Quantization formats compared: GGUF vs GPTQ vs AWQ vs NF4
You just finished fine-tuning a 7B parameter model. The raw FP16 weights are 14 GB. Your target deployment is a single consumer GPU with 8 GB of VRAM, or perhaps an ARM MacBook with unified memory, or maybe a cloud instance where you pay per GB of GPU memory. The numbers do not add up. The model, as is, does not fit. You need to shrink it, and you need to shrink it in a way that does not turn it into a random-number generator.
This is where weight quantization enters the picture. Reducing each parameter from 16 bits to 4 bits drops the memory footprint by 4x, from 14 GB to roughly 3.5 GB for a 7B model. The trick is how you do it, because not all 4-bit values are the same, and the trade-offs between memory, speed, accuracy, and portability are different for every format.
Why quantization format choice matters
The format determines three things: which hardware can run the model, how fast inference runs, and how much accuracy you give up. These three constraints are in tension. A format optimized for CPU inference (GGUF) uses a different quantization scheme than one designed for GPU batch serving (GPTQ). A format that preserves more accuracy at the same bit-width (AWQ) may cost more to calibrate. A format designed for training (NF4 via bitsandbytes) is not the best choice for inference deployment.
Choosing the wrong format means either leaving performance on the table, or worse, building a deployment pipeline around a format that the inference engine does not support.

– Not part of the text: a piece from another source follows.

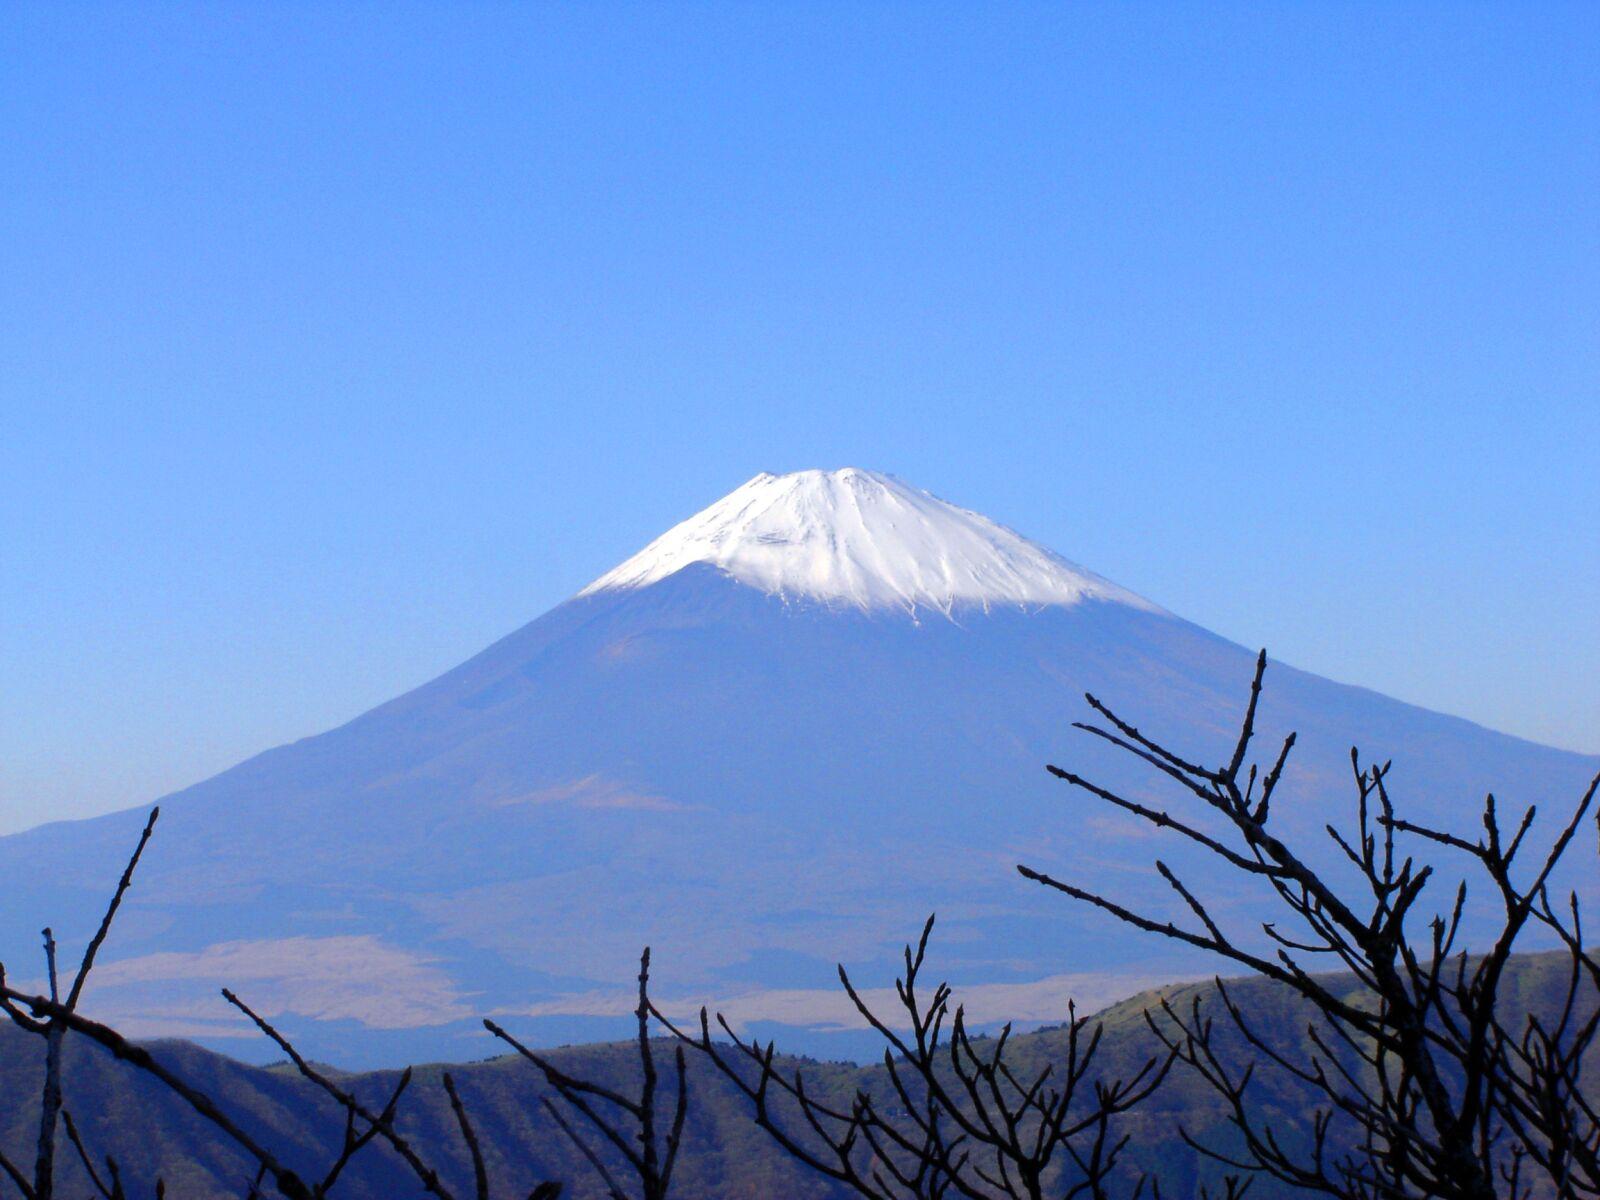 fuji, mountain, japan

The landscape has settled into four major formats, each with a clear niche.
The four formats: how they work
GGUF
GGUF is the GGML Universal Format, created by the llama.cpp project. It is a container format that bundles model weights, tokenizer, and hyperparameters into a single file, with the weights already quantized. The quantization methods inside GGUF range from Q2_K to Q8_0, with Q4_K_M being the most popular sweet spot.
GGUF quantizations use a block-wise scheme: weights are grouped into blocks (typically 32 weights per block) and each block gets its own scale and (optionally) zero-point. The K-quant variants (Q4_K_M, Q5_K_M, etc.) mix different bit-widths across different parts of the model, spending more bits on the layers that matter more.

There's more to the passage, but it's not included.